Later that day, Abbie transferred the dirt from the container to a lovely ceramic bowl that she set on the mantelpiece in the dining room, which had become the house’s common space. She lit a few candles and even laid a yellow silk flower nearby like an offering. I had been working outside and when I came in, I smelled the candles first.
Patchouli.

Abbie was an inveterate altar maker. Any available space would, if left unattended, begin to sprout candles, incense, seashells, small photographs, and silk flowers. She was a firm believer in the power of positive spirits to guard the perimeters and after a while, I got used to it. Between the altars and the good-luck handprints on the front door, I told Abbie we were probably as protected as we could be, considering.

“Considering what?” Abbie said, coming up to stand beside me as I contemplated her latest handiwork.

“Considering the random nature of bad luck and the presence of true evil in the universe.”

She looked at me. “I withdraw the question.”

I laughed. “I’m sorry. I didn’t mean to sound so gloomy. All I really meant was I’m glad Louie’s back.”

She nodded. “Much better. See how easy that was?”

“Easy as pie.” And it was.

Two days later, the duplex burned to the ground.

SIXTY-NINE

I
had already cried at the heap of rubble where all our hard work had been, comforted Victor who had been visiting his mother when he saw the flames and burned his arms badly trying to put them out himself, apologized to my mother’s spirit for whatever I had done to bring this on, and worried myself into a forty-eight-hour headache from hell when the fire investigator showed up. In real life, the people who come to call when something really awful happens to your property are as matter-of-fact as the doctors who bring you the bad news about your body. They don’t weep for your misfortunes. They list your options and dismiss your theories, not necessarily in that order. The weary-looking man from the fire department came by to tell me that their initial investigation pointed toward faulty wiring and looked surprised to hear me say that I thought Greer Woodruff might be involved.

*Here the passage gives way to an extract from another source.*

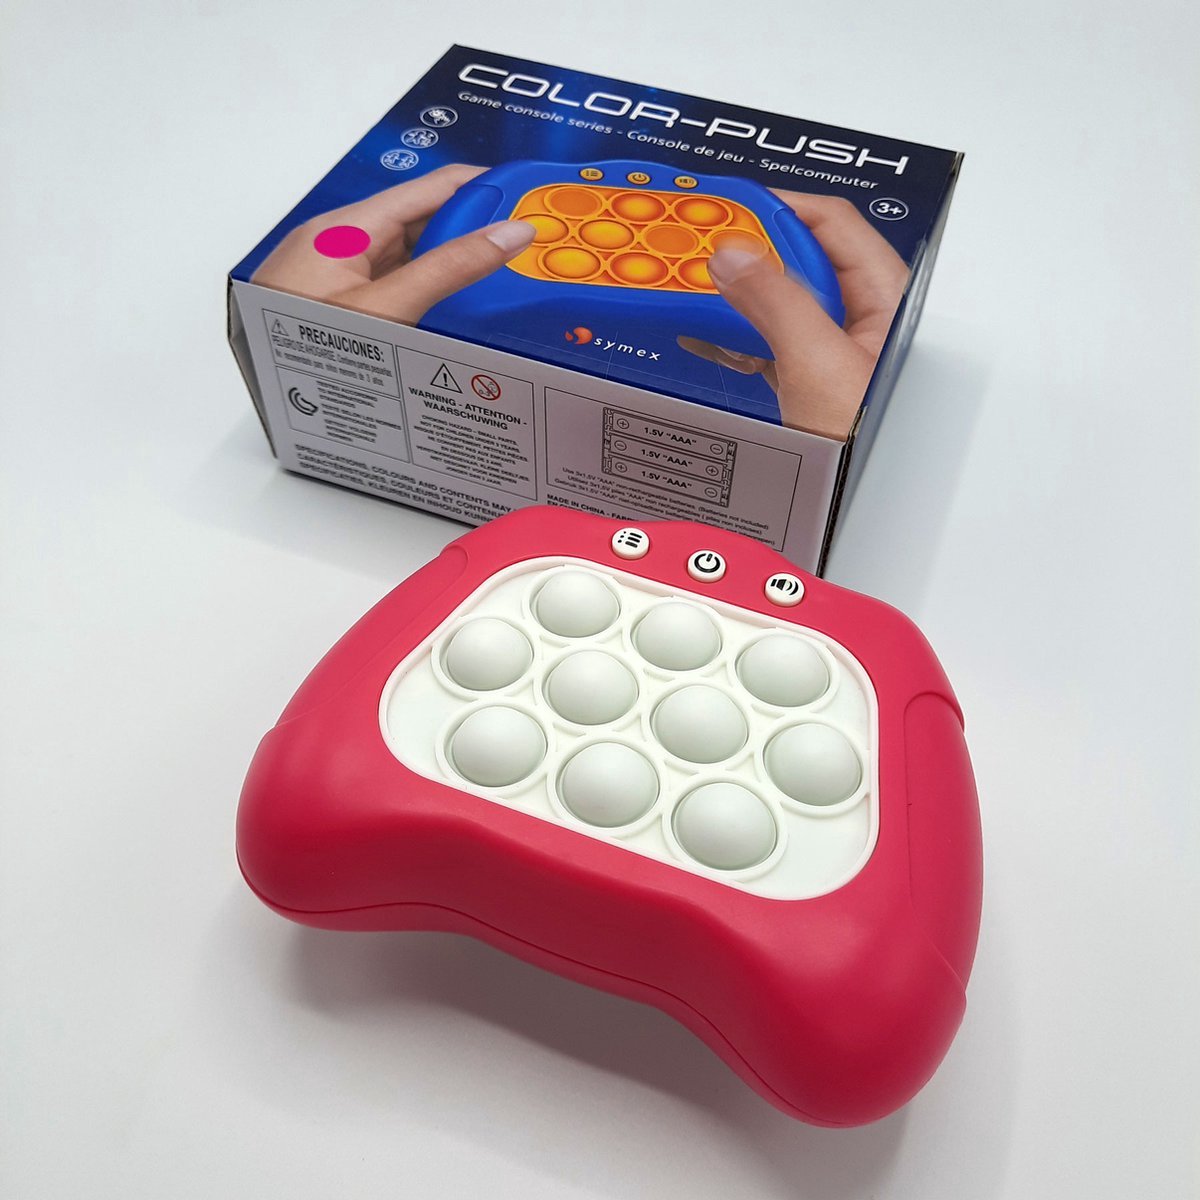 Console de jeu éducatif pour la petite enfance, Pop It Fidget jouet
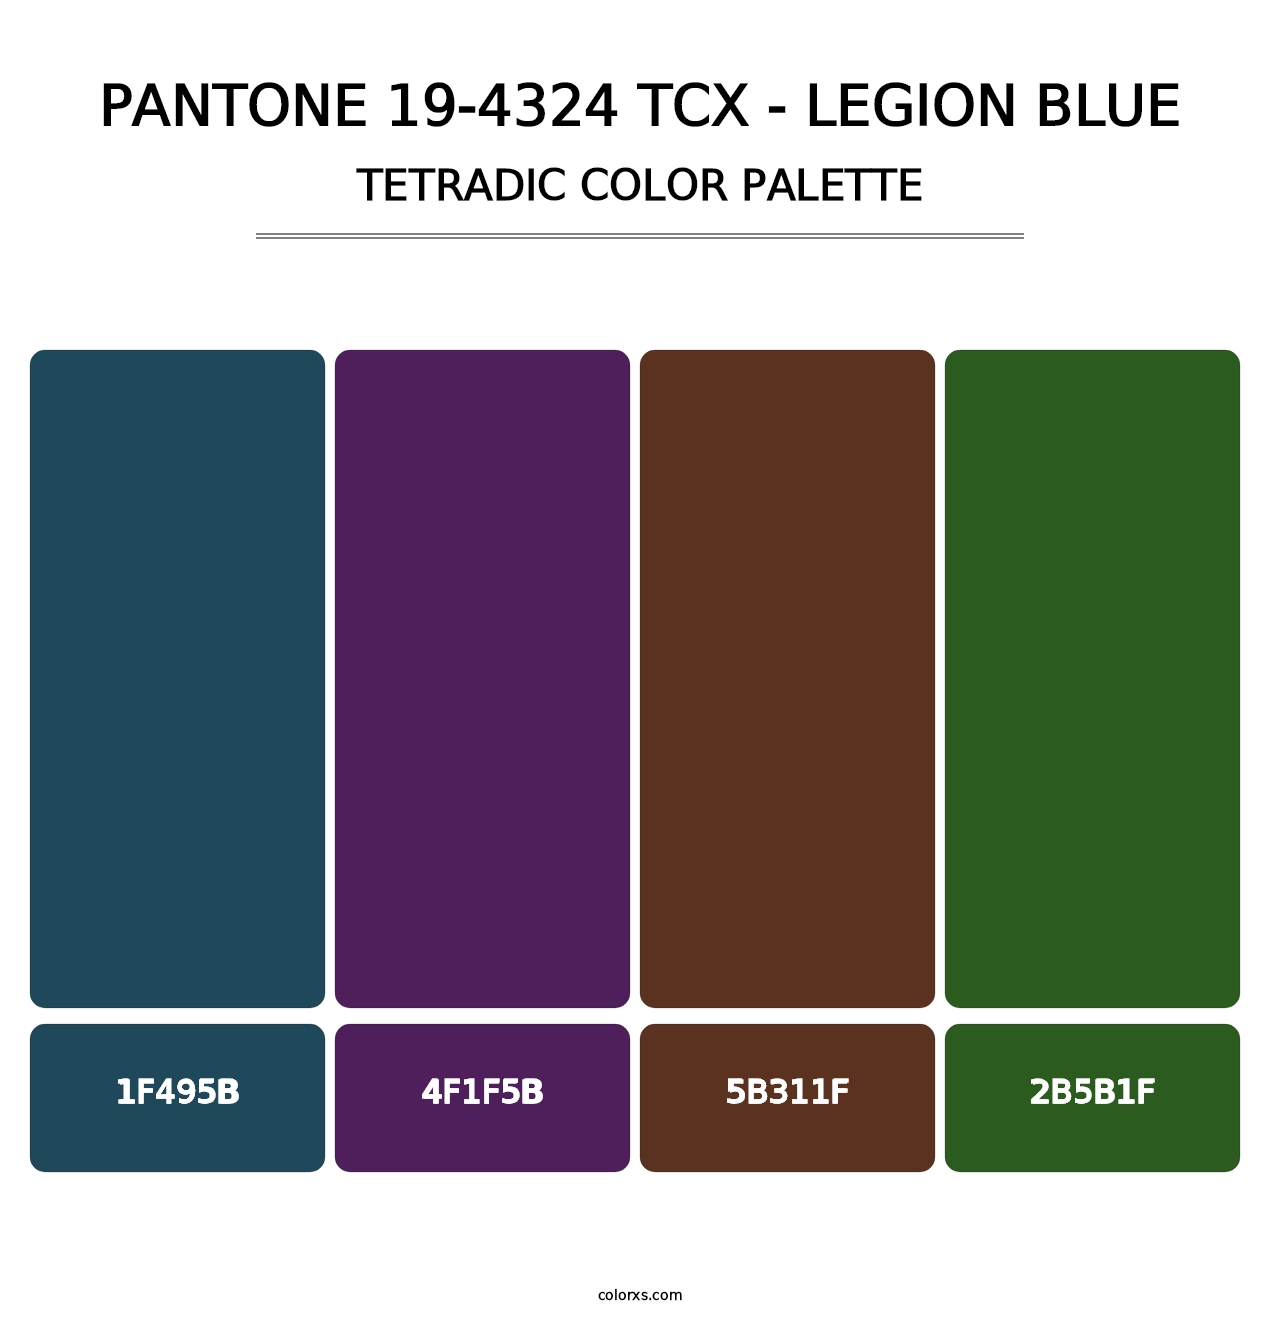 PANTONE 19-4324 TCX - Legion Blue - Tetradic Color Palette

“Ms. Evans,” he said, “I understand your frustration, but you have no proof of arson, much less anything that points to Ms. Woodruff.”

“She has been pressuring people around here to sell their houses.”

“She’s in the real estate business.”

“When they won’t sell, there are burglaries or trash dumping or vandalism. This is not the first fire, either. There have been others.”

He flipped through his folder, reviewing the facts. “As I understand it, those fires were set by squatters on the property. Reports were always filed while you were away.” He looked up. “You were absent from this property for quite a while, is that correct?”

He said it like I had left a puppy in the middle of the road. “It was a rental property. Ms. Woodruff’s company was responsible for the management.”

“I see,” he said.

“The point is,” I said, “I would like to accuse Greer Woodruff of arson.”

It sounded like a reasonable request, but he stood up and handed me my copy of his report.

“Ms. Evans, this is America. It’s not illegal to do business. This form will clear you for any insurance claim. If you want to accuse people of crimes, call the police department, but everything I found points to faulty wiring.”

There was nothing else to say, so Zora walked him to the door and came back.

“So,” she said, sitting down across the kitchen table from me, sipping her cold coffee. “What do you want to do?”

I looked at her and there was no option but the plain, unvarnished truth. “I think, Munchkin, that it might be time to throw in the towel and let these people have their corner,” I said. “The insurance and whatever Greer’s still offering for the land will pay for your school or take you to Europe if that’s what you want.”

“What are you going to do?”

“I don’t know,” I said. “I got run out of Amsterdam for being an American at war and now I’m being run off this corner for being an American at peace.”

“It’s still a war,” she said.

That statement was no comfort to a woman whose only tangible asset had just burned to the ground.

“You’re right,” I said. “So what is the free woman’s role in wartime?”

“Well, what if something happened so we didn’t have to sell the house at all?”

“There is no house, remember?”

“I remember, but couldn’t we build another one?”

She wasn’t making any sense. “Listen, darlin’, this whole thing was about
selling
a house, not building one. This story is over. We’re going somewhere we can be the women we were born to be.”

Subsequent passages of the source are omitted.